--- Your task ---
Reproduce the listing exactly. Omit pictures.

--- Available data ---
◇ ◇ ◇ ◇ ◇ ◇ ◇

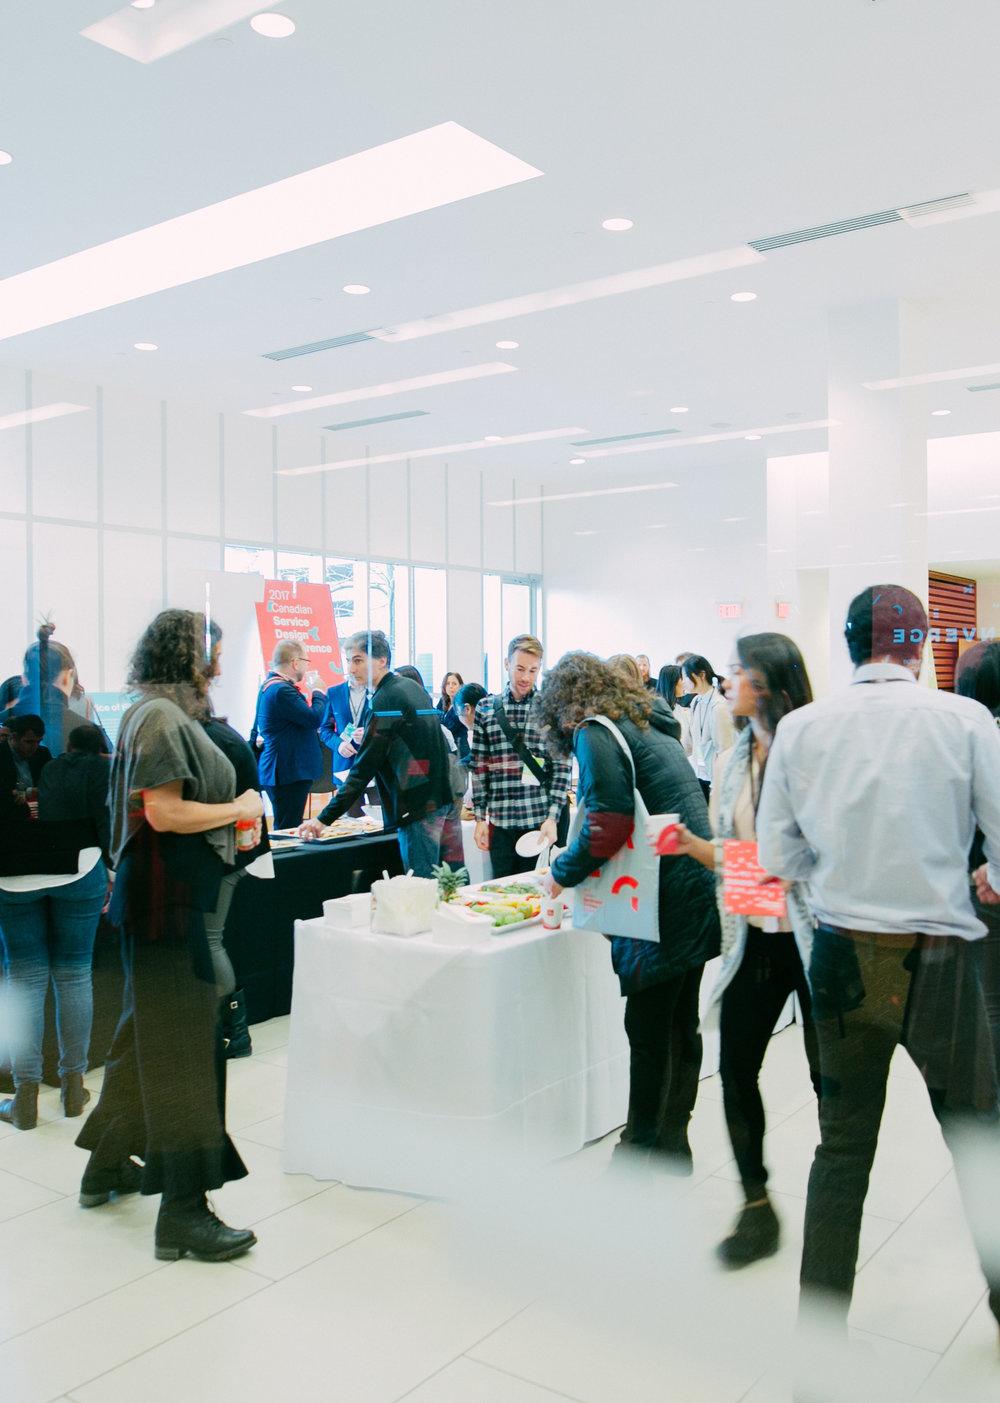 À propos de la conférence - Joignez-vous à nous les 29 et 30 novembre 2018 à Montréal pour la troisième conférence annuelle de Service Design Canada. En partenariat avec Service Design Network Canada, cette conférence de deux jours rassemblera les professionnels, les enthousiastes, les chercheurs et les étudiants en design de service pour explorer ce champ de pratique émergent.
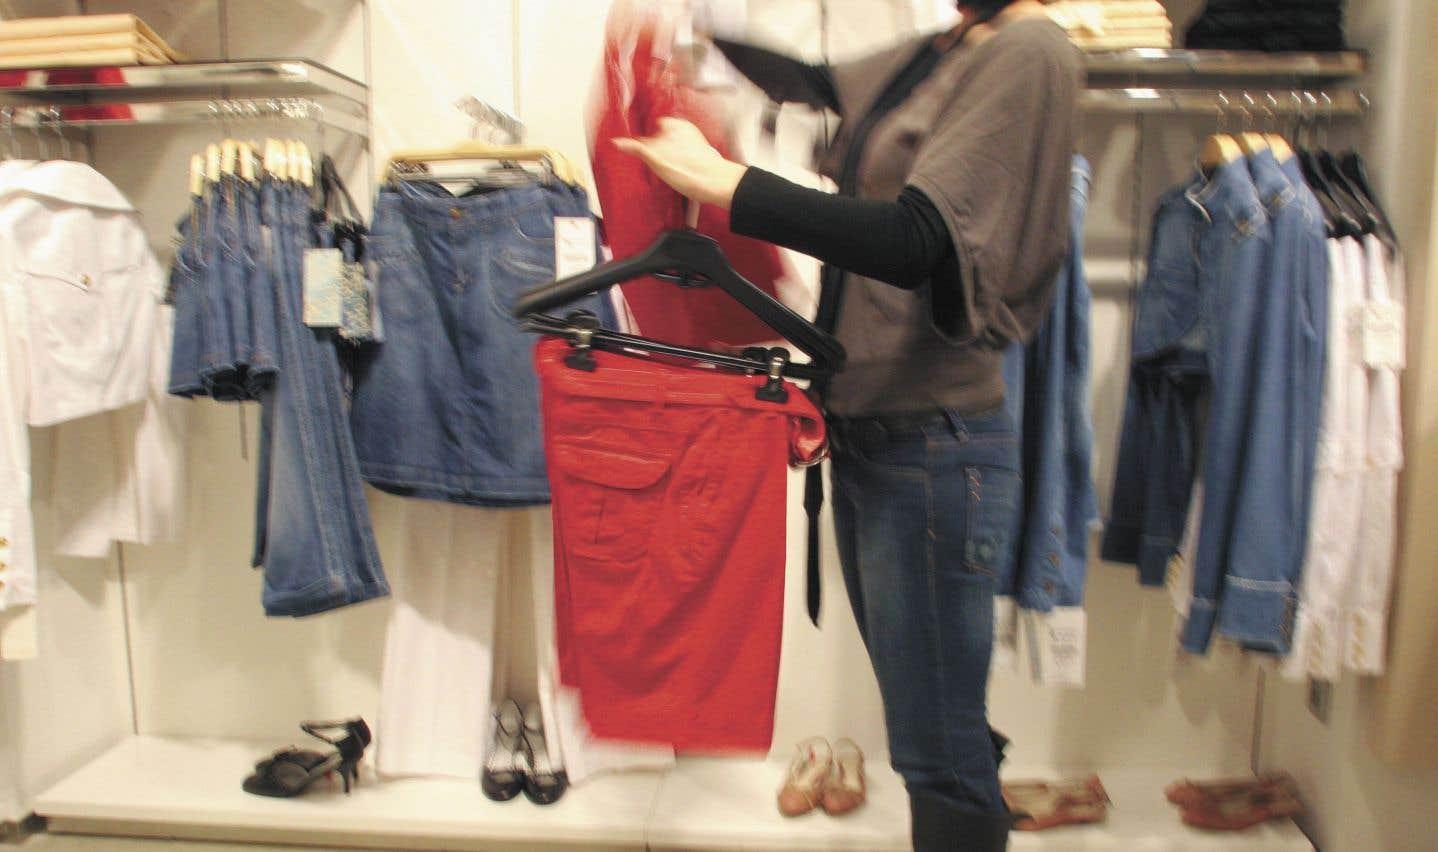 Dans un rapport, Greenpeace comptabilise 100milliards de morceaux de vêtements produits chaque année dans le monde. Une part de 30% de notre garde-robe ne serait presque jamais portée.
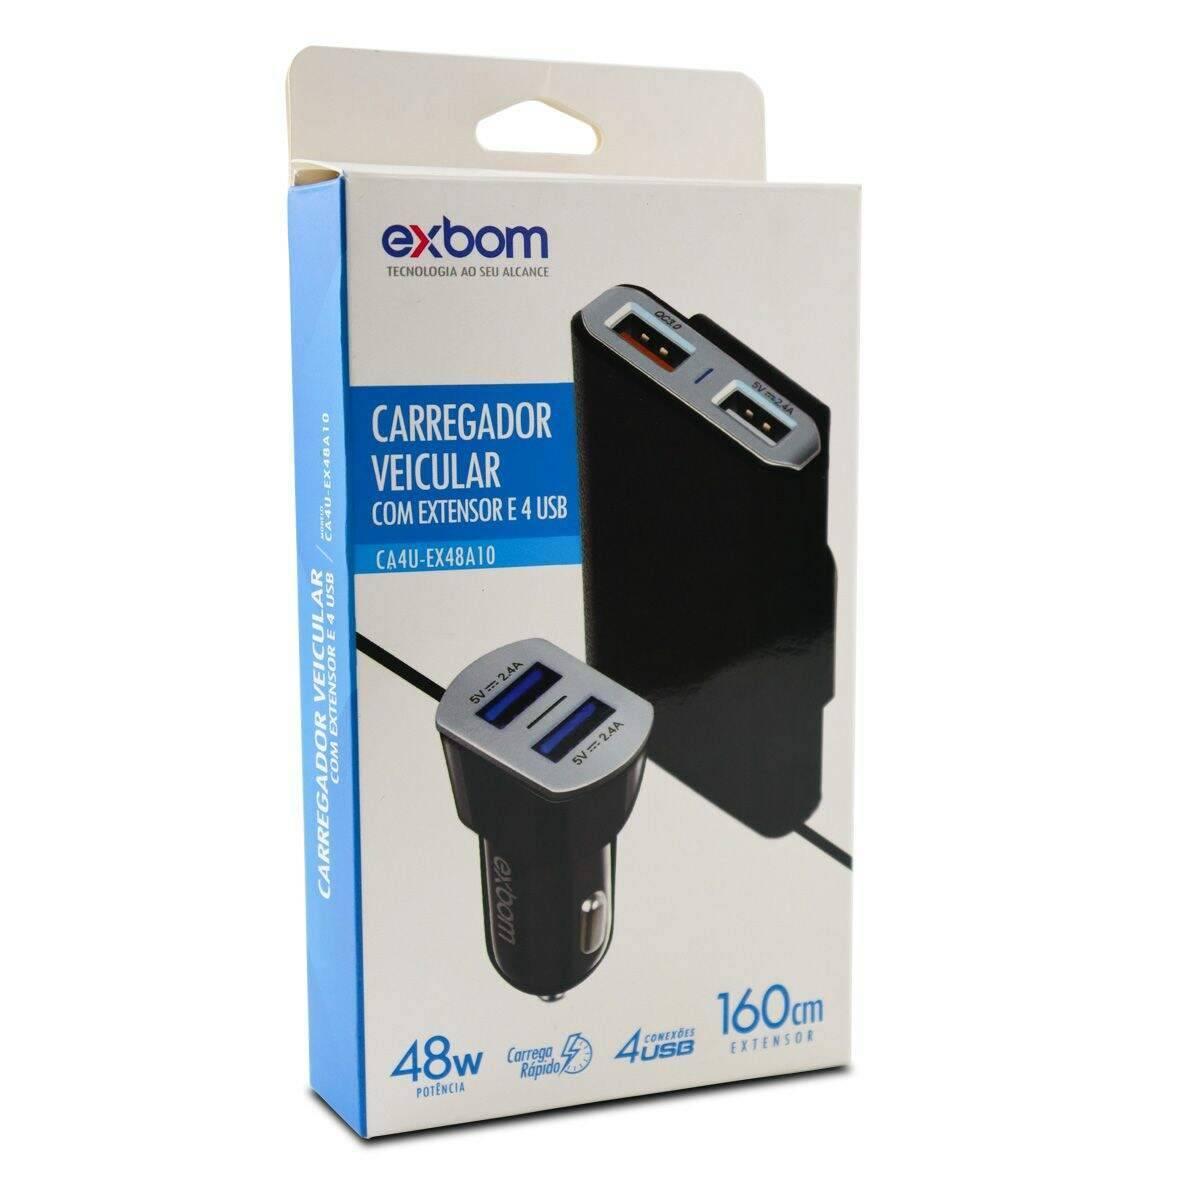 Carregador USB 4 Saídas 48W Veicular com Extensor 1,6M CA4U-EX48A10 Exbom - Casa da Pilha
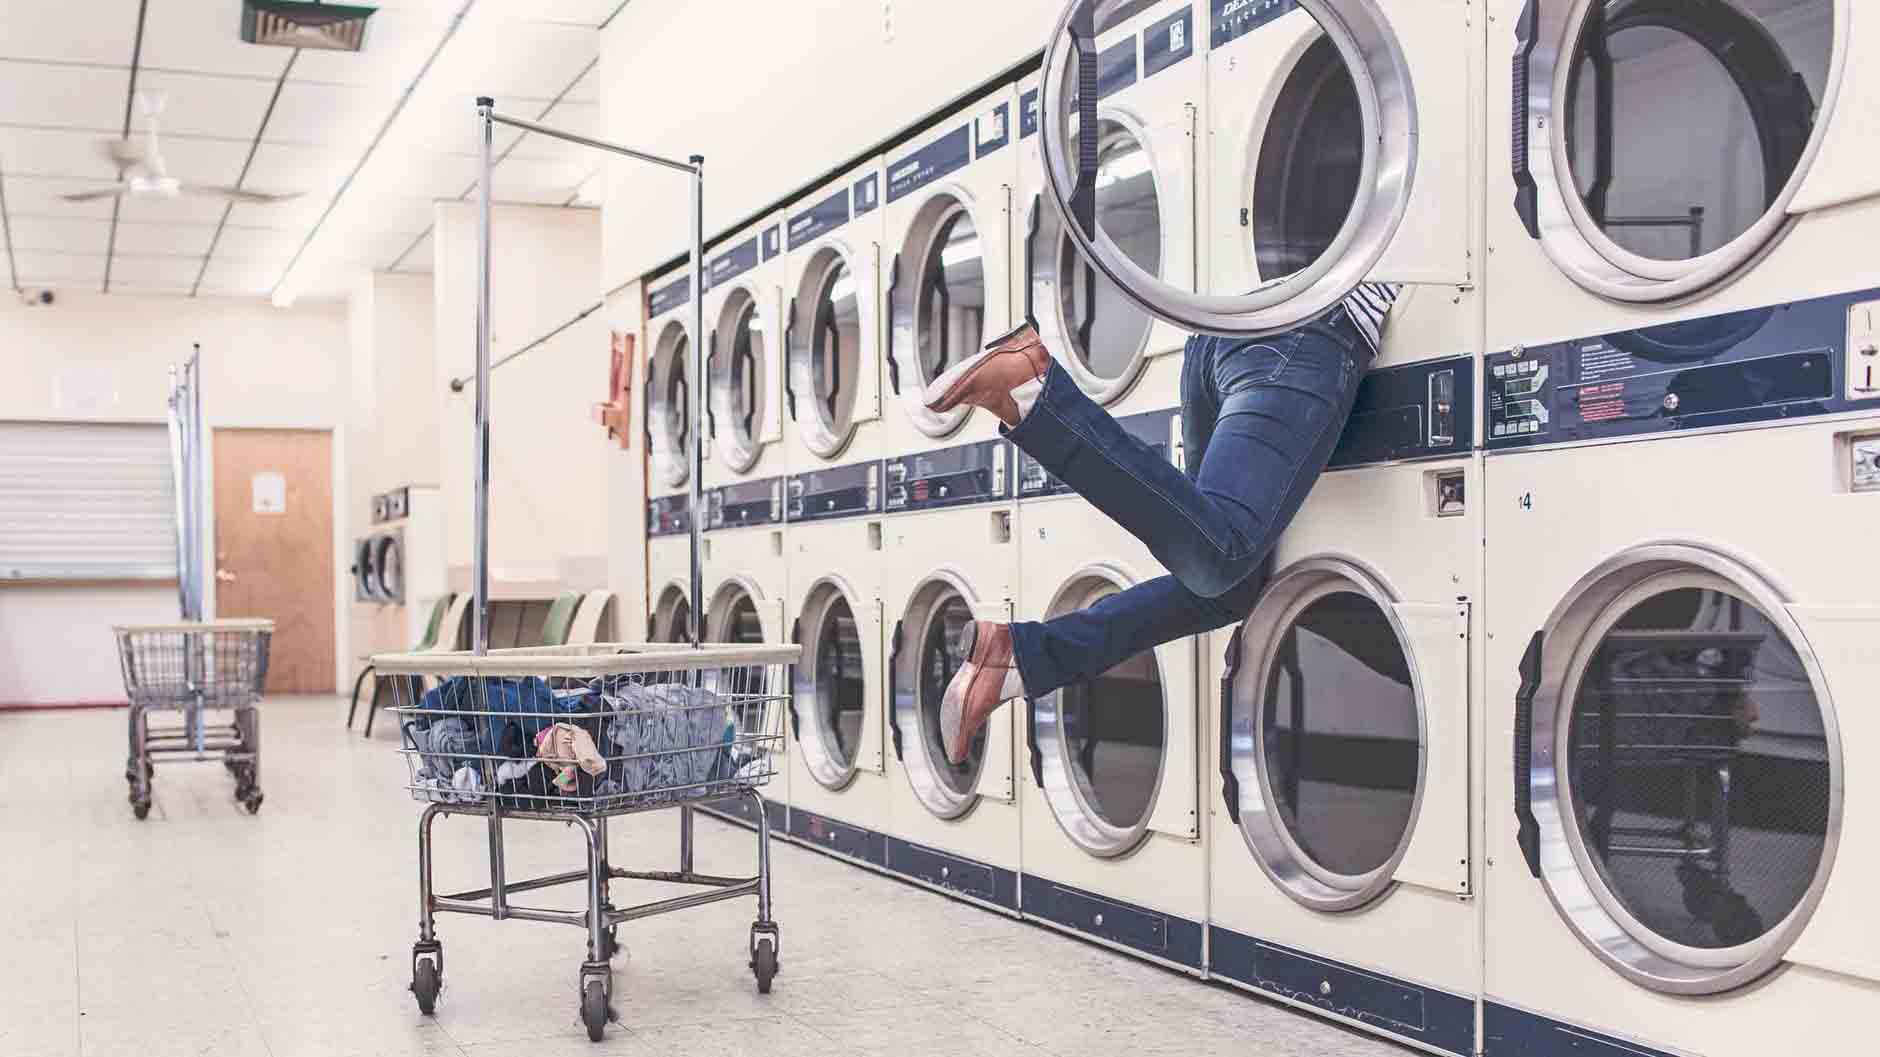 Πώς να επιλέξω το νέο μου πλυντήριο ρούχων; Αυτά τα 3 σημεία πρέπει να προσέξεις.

◇ ◇ ◇ ◇ ◇ ◇ ◇

--- Reply ---
 À propos de la conférence - Joignez-vous à nous les 29 et 30 novembre 2018 à Montréal pour la troisième conférence annuelle de Service Design Canada. En partenariat avec Service Design Network Canada, cette conférence de deux jours rassemblera les professionnels, les enthousiastes, les chercheurs et les étudiants en design de service pour explorer ce champ de pratique émergent.
 Dans un rapport, Greenpeace comptabilise 100milliards de morceaux de vêtements produits chaque année dans le monde. Une part de 30% de notre garde-robe ne serait presque jamais portée.
 Carregador USB 4 Saídas 48W Veicular com Extensor 1,6M CA4U-EX48A10 Exbom - Casa da Pilha
 Πώς να επιλέξω το νέο μου πλυντήριο ρούχων; Αυτά τα 3 σημεία πρέπει να προσέξεις.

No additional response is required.